The Gray graph can be constructed (Bouwer 1972) from the 27 points of a 3 × 3 × 3 grid and the 27 axis-parallel lines through these points. This collection of points and lines forms a projective configuration: each point has exactly three lines through it, and each line has exactly three points on it. The Gray graph is the Levi graph of this configuration; it has a vertex for every point and every line of the configuration, and an edge for every pair of a point and a line that touch each other. This construction generalizes (Bouwer 1972) to any dimension n ≥ 3, yielding an n-valent Levi graph with algebraic properties similar to those of the Gray graph. In (Monson, Pisanski, Schulte, Ivic-Weiss 2007), the Gray graph appears as a different sort of Levi graph for the edges and triangular faces of a certain locally toroidal abstract regular 4-polytope. It is therefore the first in an infinite family of similarly constructed cubic graphs. As with other Levi graphs, it is a bipartite graph, with the vertices corresponding to points on one side of the bipartition and the vertices corresponding to lines on the other side.
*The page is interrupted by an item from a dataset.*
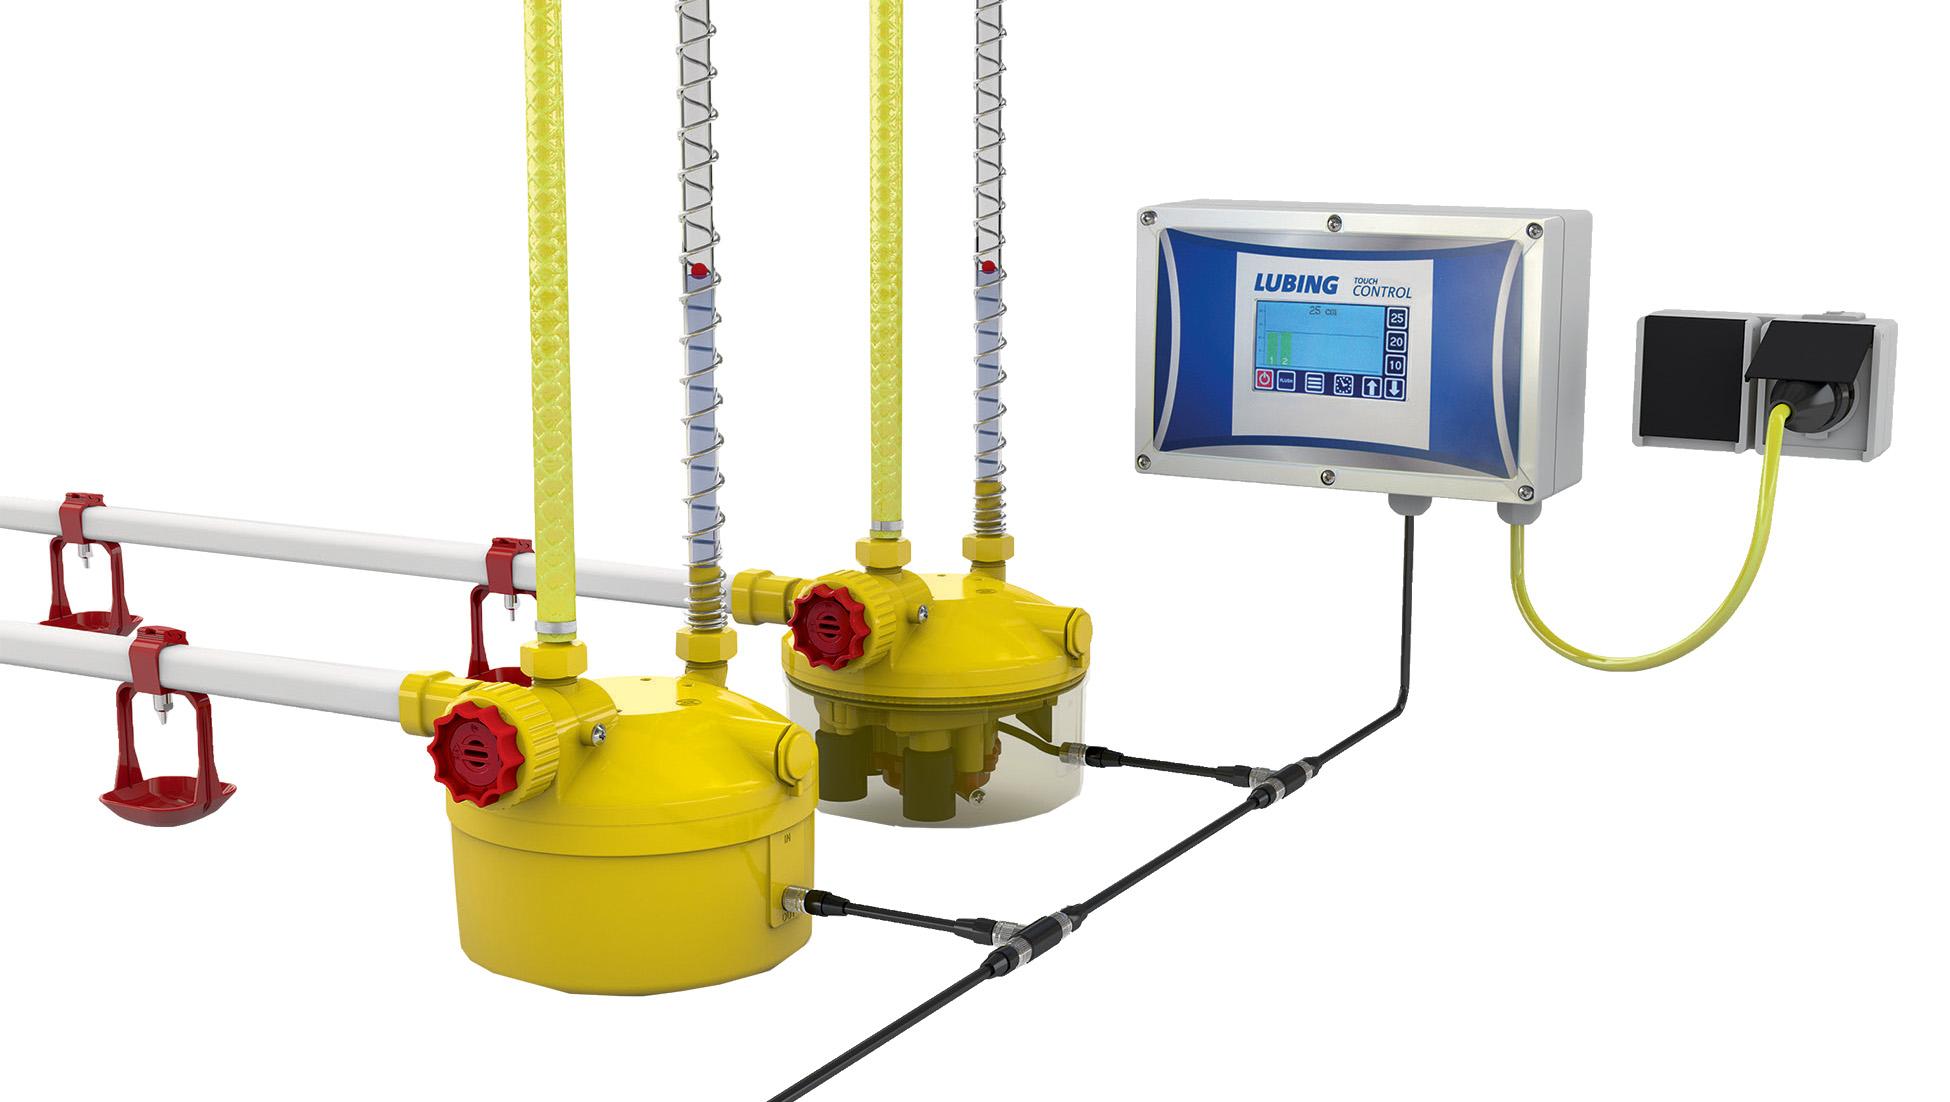 Das Druckminderer-System LUBING Optima E-Control regelt die Wassersäulen in den Tränkelinien automatisch.

Marušič and Pisanski (2000) give several alternative methods of constructing the Gray graph. As with any bipartite graph, there are no odd-length cycles, and there are also no cycles of four or six vertices, so the girth of the Gray graph is 8. The simplest oriented surface on which the Gray graph can be embedded has genus 7 (Marušič, Pisanski & Wilson 2005).

The Gray graph is Hamiltonian and can be constructed from the LCF notation:
$[-25,7,-7,13,-13,25]^9.$
As a Hamiltonian cubic graph, it has chromatic index three.

==Algebraic properties==
The automorphism group of the Gray graph is a group of order 1296. It acts transitively on the edges the graph but not on its vertices: there are symmetries taking every edge to any other edge, but not taking every vertex to any other vertex. The vertices that correspond to points of the underlying configuration can only be symmetric to other vertices that correspond to points, and the vertices that correspond to lines can only be symmetric to other vertices that correspond to lines. Therefore, the Gray graph is a semi-symmetric graph, the smallest possible cubic semi-symmetric graph.

The characteristic polynomial of the Gray graph is
$(x-3) x^{16} (x+3) (x^2-6)^6 (x^2-3)^{12}.$

==Geometric properties==
The Gray graph can be represented by points in the plane in such a way that adjacent vertices are at unit distance apart; that is, it is a unit distance graph.